I leave the session with her words weighing heavily on my heart and head in the direction of the library. I glance at my phone as I walk, not surprised to see a text from my mom asking about one of my classes.
She checks in daily now, sometimes through a call but mostly over text, though our conversations are pretty surface level.
When she does ask the hard questions—How is therapy going?
How have you been feeling lately? Are you eating?
Sleeping?—my first instinct is to lie. To deflect.
But then I remind myself that she’s trying, and I make a conscious effort to be honest. When she engages with me instead of dismissing me, I start to regain some trust in her, and while I’m aware relationships can’t change overnight, I think we’re making baby steps in the right direction.
Below my mom’s message, is one from my brother.
Noah: If I told Mom and Dad my graduation was canceled, what are the odds they’d believe me?
My mouth twitches, and I type out a response.
Me: Slim to none.
Noah: What if you backed me up?
Me: lol slimmer to none. Maybe try Scott?
He sends back a crying emoji, and I tuck my phone away.
The texts from Noah are new. I reached out to him once I was able, and we’ve been texting ever since.
We talk about random stuff or complain about Mom, and it’s a relief not to feel like the outsider in my family for once.
We’re slowly chipping away at the barrier between us, put there by my parents’ favoritism and the aftershocks of that night at the hospital.
It’s a nice change, and one I hope continues.
When I arrive at the library, I take my usual spot on the second floor. Today is the fifth day in a row that I’ve opted to do my classwork in here instead of my room, and it’s a relief to be free of the confined space that acted as both my place of solace and my own personal prison.
Sticking my headphones in my ears, I focus on my extra credit assignment for the next hour, only looking up when it’s nearly finished. Stretching out my arms and neck, I glance around the room. It’s filled up since I arrived, everyone hard at work now that the end of semester is nearing.
When I spot a familiar ash-blonde head at a table near the window, I freeze.
Quinn says something to Remy and reaches into her backpack, pulling out a bag of Cheetos, and I wonder if they noticed me sitting here.
I wouldn’t blame them for ignoring me because, despite her kind words at the restaurant, I haven’t taken her up on her offer to hang out.
Before I can overthink my actions, I tug out my headphones and get to my feet. I weave through the tables until I’m standing awkwardly in front of theirs, unsure of how to break the ice after weeks of antisocial behavior.
“Hey, Ivy,” Remy says, noticing my uncomfortable hover. He gives me what I think is a genuine smile as Quinn glances up in surprise. Beyond that, her expression is unreadable. I can’t tell if she’s happy to see me. Annoyed. Indifferent.

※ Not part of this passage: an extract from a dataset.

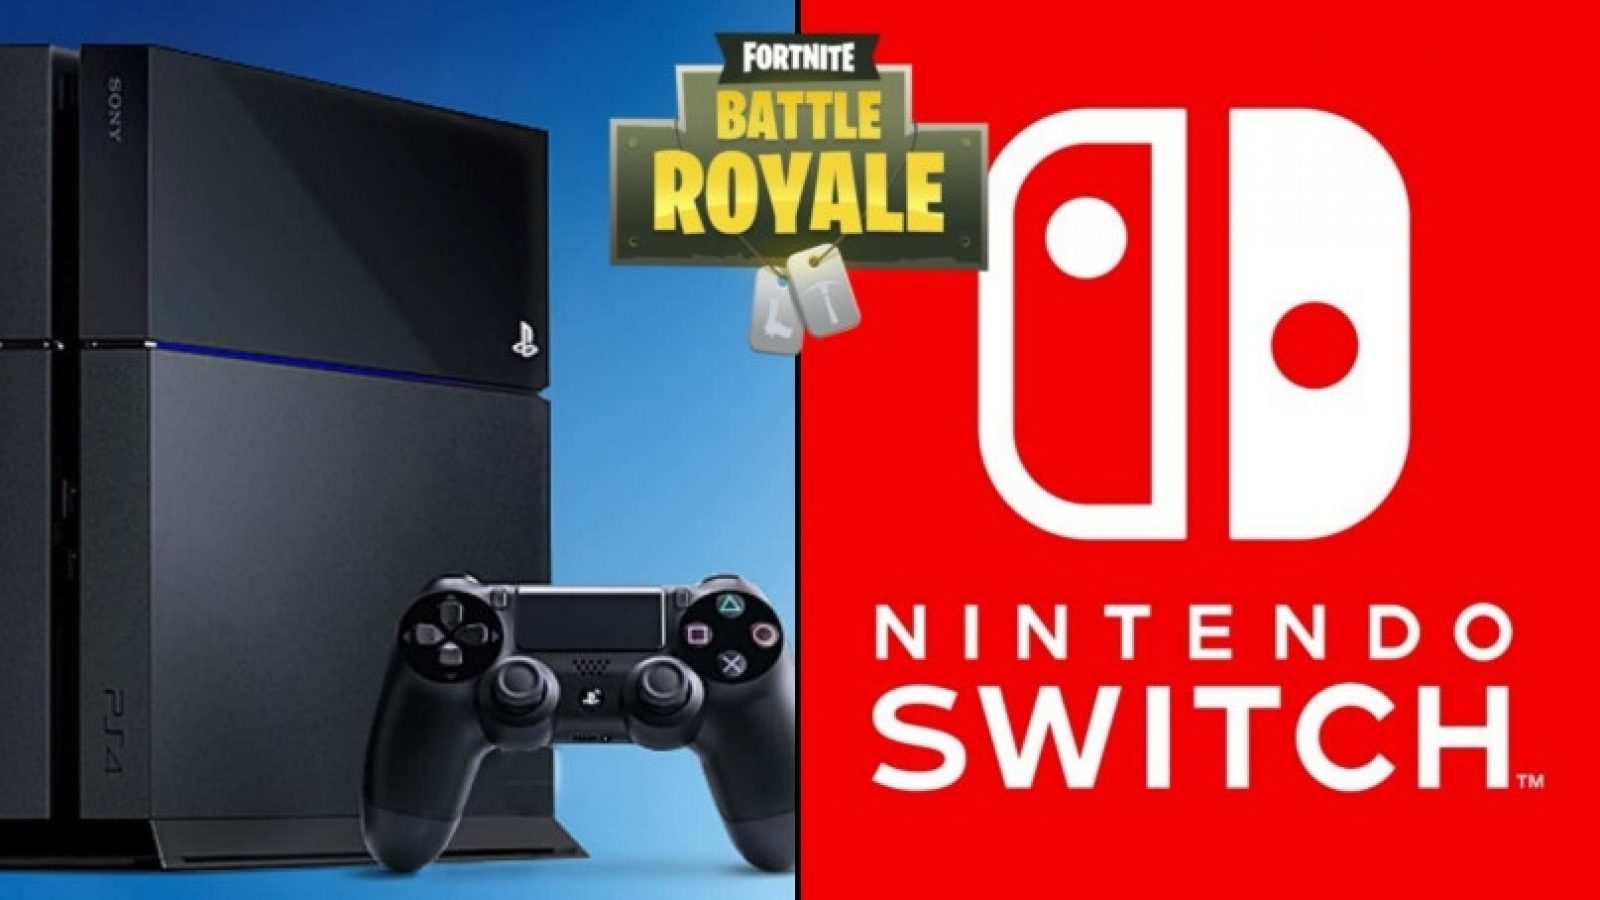 Sony enables Fortnite cross-play between PS4, Xbox One and Nintendo Switch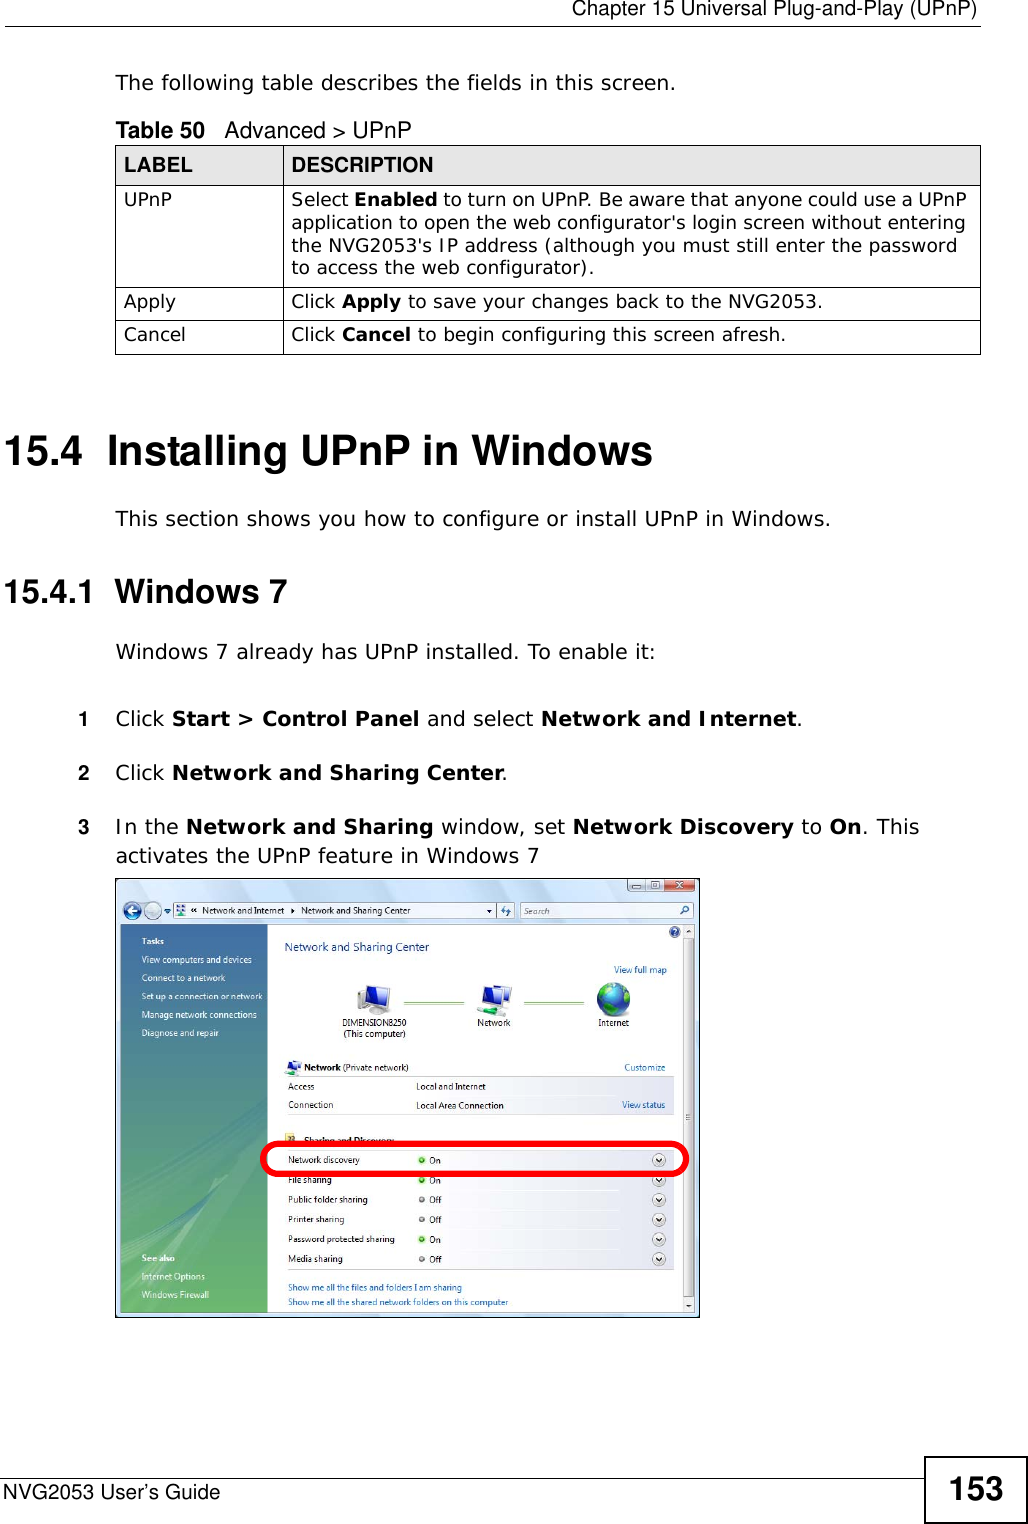  Chapter 15 Universal Plug-and-Play (UPnP)NVG2053 User’s Guide 153The following table describes the fields in this screen. 15.4  Installing UPnP in WindowsThis section shows you how to configure or install UPnP in Windows.15.4.1  Windows 7Windows 7 already has UPnP installed. To enable it:1Click Start &gt; Control Panel and select Network and Internet.2Click Network and Sharing Center.3In the Network and Sharing window, set Network Discovery to On. This activates the UPnP feature in Windows 7 Table 50   Advanced &gt; UPnPLABEL DESCRIPTIONUPnP Select Enabled to turn on UPnP. Be aware that anyone could use a UPnP application to open the web configurator&apos;s login screen without entering the NVG2053&apos;s IP address (although you must still enter the password to access the web configurator).Apply Click Apply to save your changes back to the NVG2053.Cancel Click Cancel to begin configuring this screen afresh.

I shift on my feet, hesitant, and after a few fumbles, I manage a weak, “H-hi, guys.” I wince as my old habit makes an unwelcome appearance, and my cheeks warm with embarrassment as I wonder if I should have just stayed in my corner, alone.
“Hey,” Quinn says, and I brace myself, prepared for her to tell me to beat it. Maybe the offer to remain friends has expired by now and I’m pushing my luck. “I didn’t realize you were here.”
Her admission fills me with relief—at least she wasn’t deliberately ignoring me. “Oh, that’s okay.”
She hesitates for a moment before nodding to the empty chair across from her. “Do you…want to study with us?”
My shoulders relax an inch, and I nod. “Sure,” I say softly. “If you guys don’t mind.”
“We missed you,” Remy says, surprising me. He must surprise Quinn, too, because she laughs and raises her eyebrows at me.
“Well, you heard the man. We missed your scrawny ass. Get your stuff and get the hell over here.”
I can’t contain my grin, though the strain on my cheeks feels strange. It’s been a while since I’ve smiled, I guess.